*** Opening of THE DATA ***

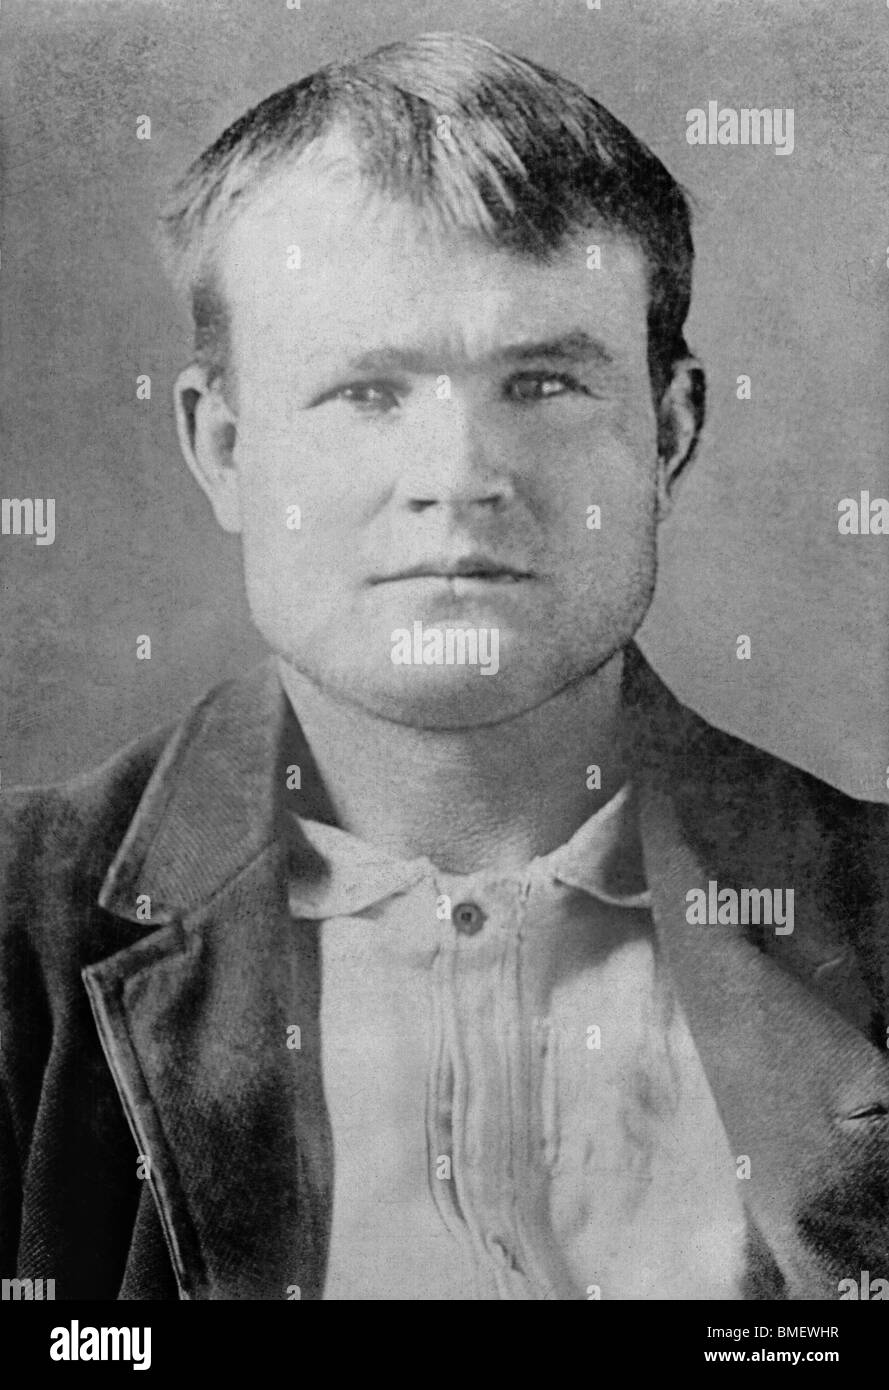 Vintage Gefängnis Foto c1893 der berüchtigten amerikanischen Outlaw Butch Cassidy (1866 - c1908), richtiger Name Robert LeRoy Parker. Stockfoto
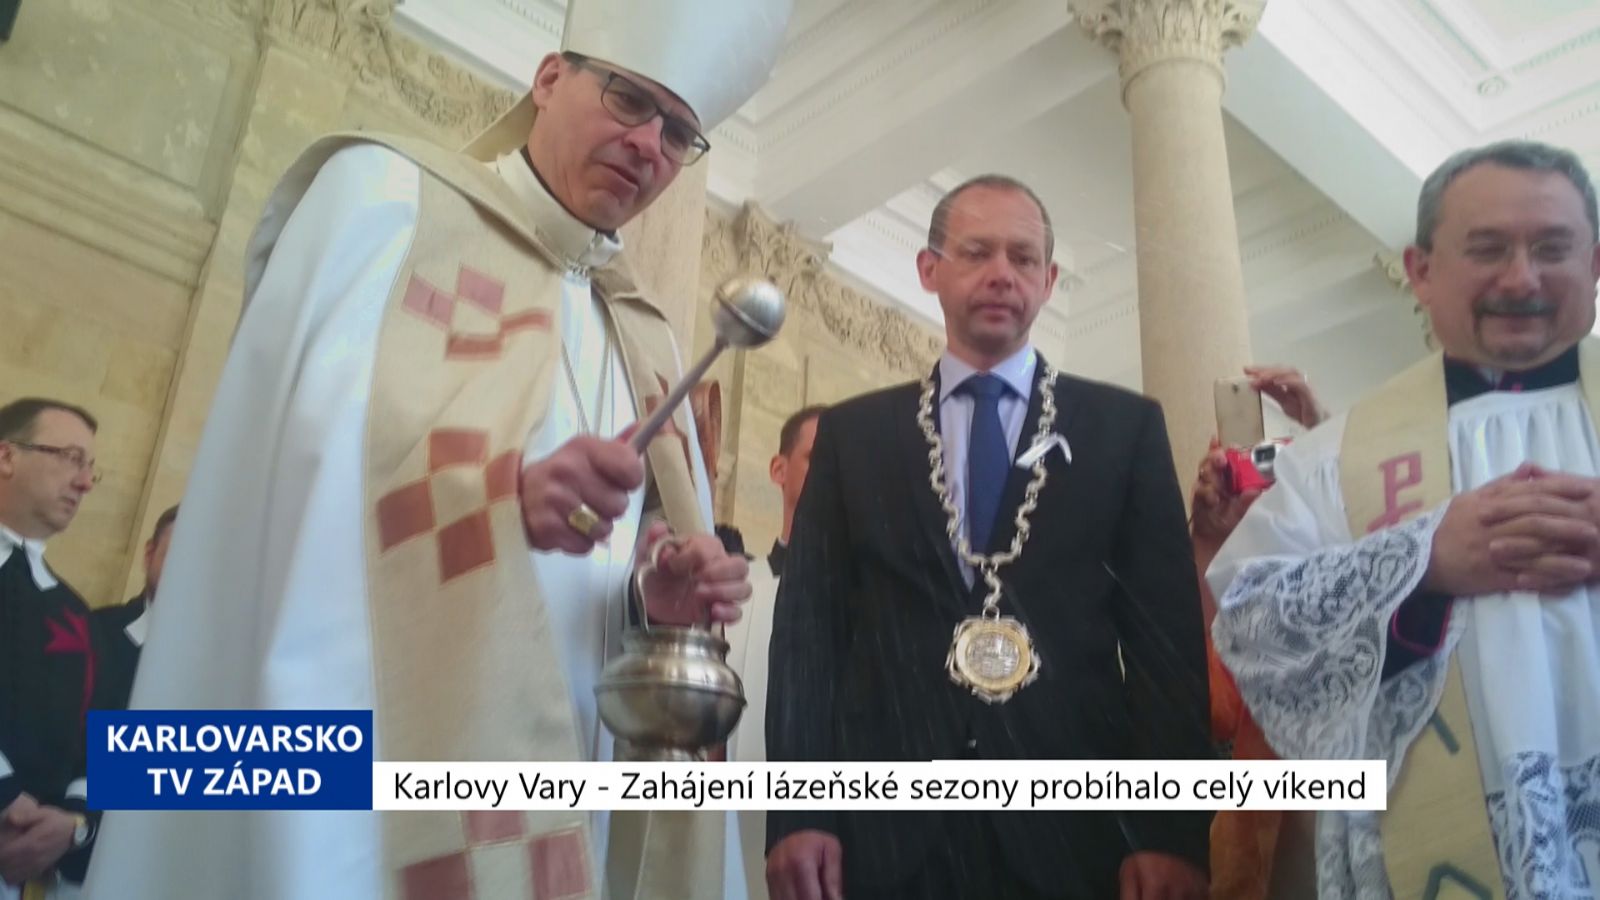 Karlovy Vary: Zahájení lázeňské sezóny probíhalo celý víkend (TV Západ)
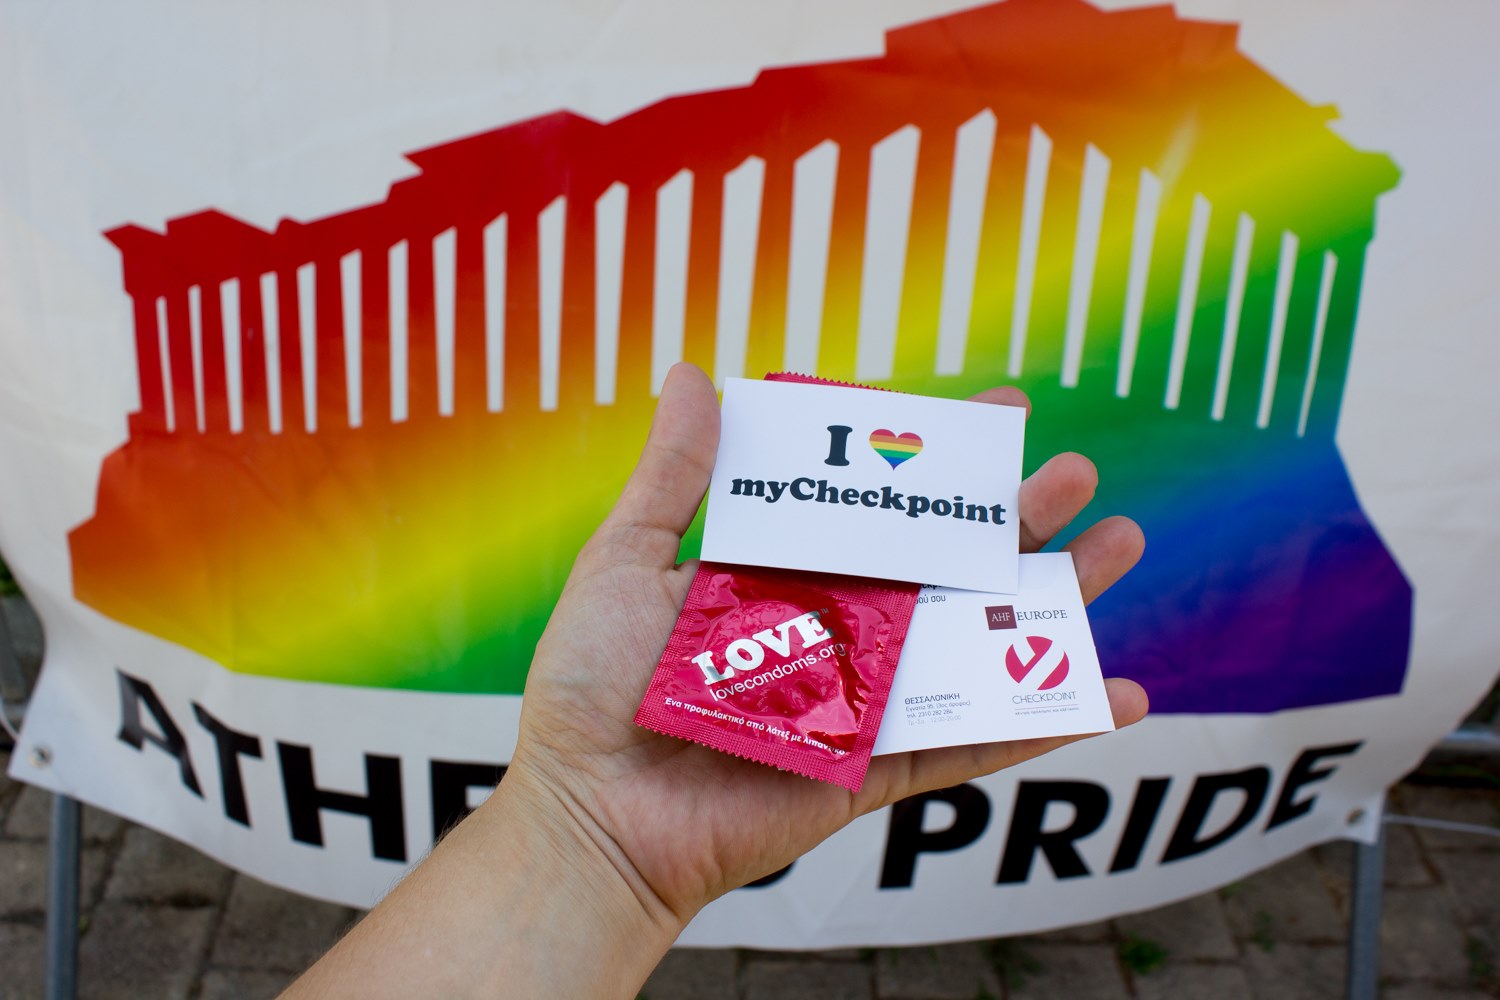 Featured image for “Η Θετική Φωνή σας προσκαλεί στο Athens Pride 2021”
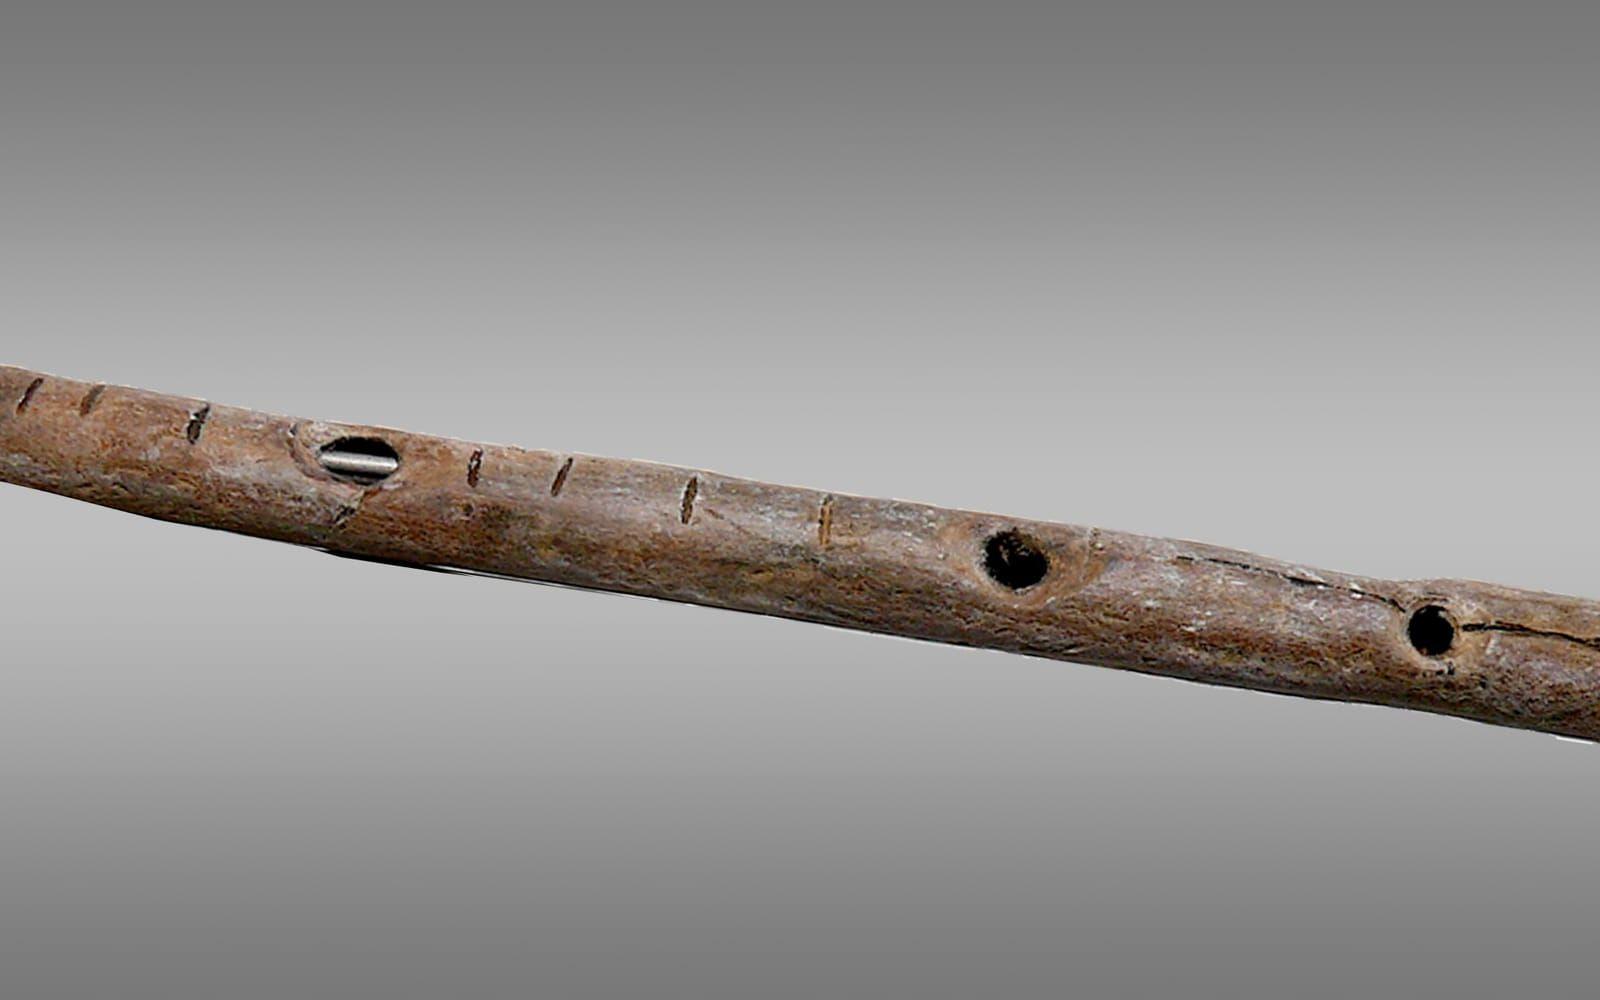 <strong>VÄRLDENS ÄLDSTA INSTRUMENT. </strong>2012 hittade arkeologer vad man tror är världens äldsta instrument i en grotta i tyska Geissenklösterle. Med hjälp av kol14-datering har man fastställt att flöjten, som är gjord av mammutben, är mellan 42.000 och 43.000 år gammal. I april 2017 släpptes en skiva med musik spelat på en replika av den gamla flöjten.

*** Close of THE DATA ***

PROBLEM TO SOLVE
Take the listing above and print it exactly, apart from the pictures.

RESULT OF THE TASK
 Vintage Gefängnis Foto c1893 der berüchtigten amerikanischen Outlaw Butch Cassidy (1866 - c1908), richtiger Name Robert LeRoy Parker. Stockfoto
 Karlovy Vary: Zahájení lázeňské sezóny probíhalo celý víkend (TV Západ)
 Featured image for “Η Θετική Φωνή σας προσκαλεί στο Athens Pride 2021”
 <strong>VÄRLDENS ÄLDSTA INSTRUMENT. </strong>2012 hittade arkeologer vad man tror är världens äldsta instrument i en grotta i tyska Geissenklösterle. Med hjälp av kol14-datering har man fastställt att flöjten, som är gjord av mammutben, är mellan 42.000 och 43.000 år gammal. I april 2017 släpptes en skiva med musik spelat på en replika av den gamla flöjten.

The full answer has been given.